Andrew Scheer accuses Justin Trudeau of ‘policy of appeasement’ on China amid escalating arrest feud

Conservative Leader Andrew Scheer says years of “appeasement” by Prime Minister Justin Trudeau to China means Canada lacks enough leverage to prevent Canadian citizens from being detained in an escalating case of political retribution over the arrest of a senior Chinese business leader.

Yet Scheer isn’t advocating the government issue travel alerts, nor is he advising his own party members not to go to China.

“This situation demonstrates that Justin Trudeau’s naïve approach to relations with China isn’t working,” Scheer said to reporters in Ottawa on Thursday as parliamentarians prepared to depart for the winter break.

“We now find ourselves in a situation where we have Canadian citizens on foreign soil detained and a government that has pursued a policy of appeasement, putting us in a situation where we don’t have leverage.”

Since Monday, two Canadian men have been detained by Chinese authorities on suspicions of “endangering national security.”

Michael Kovrig, the first to be detained, is a Canadian government employee who works for Global Affairs Canada and who was on leave doing work for an NGO in Hong Kong when he visited Beijing and was arrested.

Because he was on leave, he did not have diplomatic immunity.

Michael Spavor is the founder of a non-profit that brings people on trips to North Korea and that organized the Dennis Rodman visits in 2013 and 2014.

He phoned Canadian officials from an airport in China where he said he was being questioned earlier this week, but consular officials haven’t been able to make contact since then.

The status of both men is unknown.

Their detentions come after Canadian police arrested Meng Wanzhou, CFO of the Chinese technology firm Huawei, on Dec. 1 in Vancouver at the behest of American authorities who allege the company she helps run has been skirting U.S. sanctions on Iran.

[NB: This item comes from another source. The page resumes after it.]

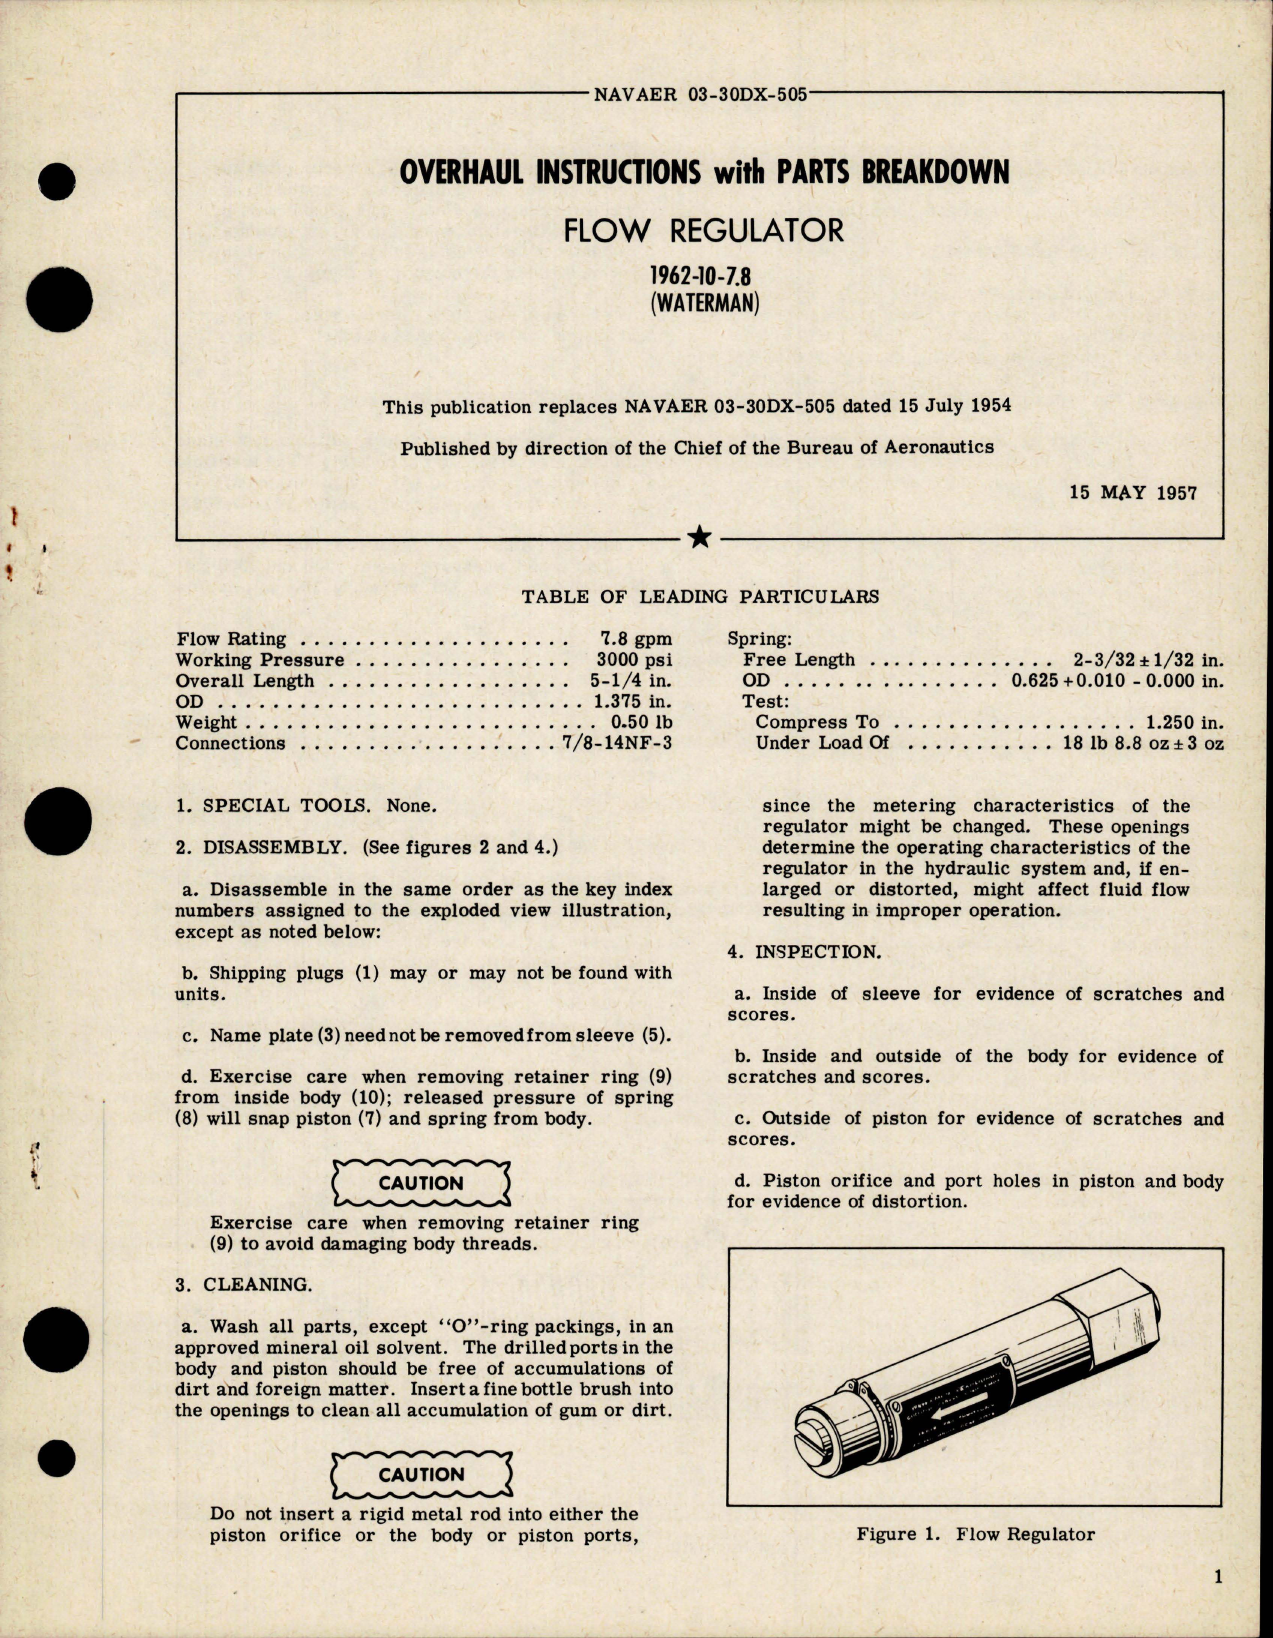 Sample page 1 from AirCorps Library document: Overhaul Instructions with Parts Breakdown for Flow Regulator - 1962-10-7.8

Meng denies the allegations.

Chinese sabre-rattling in the weeks since has escalated, prompting Canadian officials at the embassy in Beijing to flag concerning emails from the Chinese public to local authorities and remind them that China is responsible for the safety of foreign diplomats on its soil.

As a result, security around the Canadian embassy has been increased.

Warnings have also gone out to Canadian diplomats, advising them to bear in mind the need for extra precaution when serving in China.

The travel advisory posted online for the Canadian public, however, has not been changed as a result of the increasing tensions.

Foreign Affairs Minister Chrystia Freeland faced questions about why the current advisory, which is at the second of four possible levels of escalating seriousness, does not advise Canadians against travelling to China, but instead urges only that Canadians travelling there “exercise a high degree of caution.”

She said people should take the current advisory warning seriously but would not say whether a change is being considered.

Scheer also did not push for that to change on Thursday, noting he does not have all the information that is being shared with Freeland about the case.

“When the government makes an official advisory to avoid travel or take extra precautions, those are done with consultations with national security advisors and the highest amount of information,” he said. “I will let the Minister of Foreign Affairs decide on that issue. She has that information.”

He was also asked whether he would go to China himself right now and said only that he currently has no plans to go.

Scheer also said he would not suggest others should change their plans.

“We have to see where the situation goes and we are monitoring that,” he said, adding that thousands of people travel from Canada to China every year, including MPs and senators who form part of the parliamentary association bringing together lawmakers from both countries.

Trudeau has faced serious criticism over the past three years for his approach to pursuing closer ties between Canada and China.

He announced in September 2016 that the government would start discussions with China on an extradition treaty, which prompted immediate backlash across the political spectrum because of China’s extensive record of human rights violations.

John McCallum, Canada’s ambassador to China, said in an interview with the Globe and Mail in April 2017 that while the issue wasn’t high on the Canadian priority list, the government would discuss it if the Chinese wanted.

“If the Chinese wish to talk with us about it, we will talk,” he was quoted as saying.

Subsequent reporting by Global News has shown that the extradition of individuals accused of corruption by China from Canada is a key issue underlying efforts to try and stop the flow of fentanyl coming from China and killing thousands of Canadians every year.

However, the escalating tensions call into question whether Trudeau will be able to find public support if he decides to pursue either an extradition treaty, free trade talks, or approval of Huawei technology to be used to build the next generation 5G telecommunications network coming in the next several years.

Security officials in Canada and the United States have repeatedly raised questions about whether allowing Huawei components to be used in that spectrum could expose Canadian networks to spyware alleged to be built into some Huawei parts.

A review of that technology is currently underway.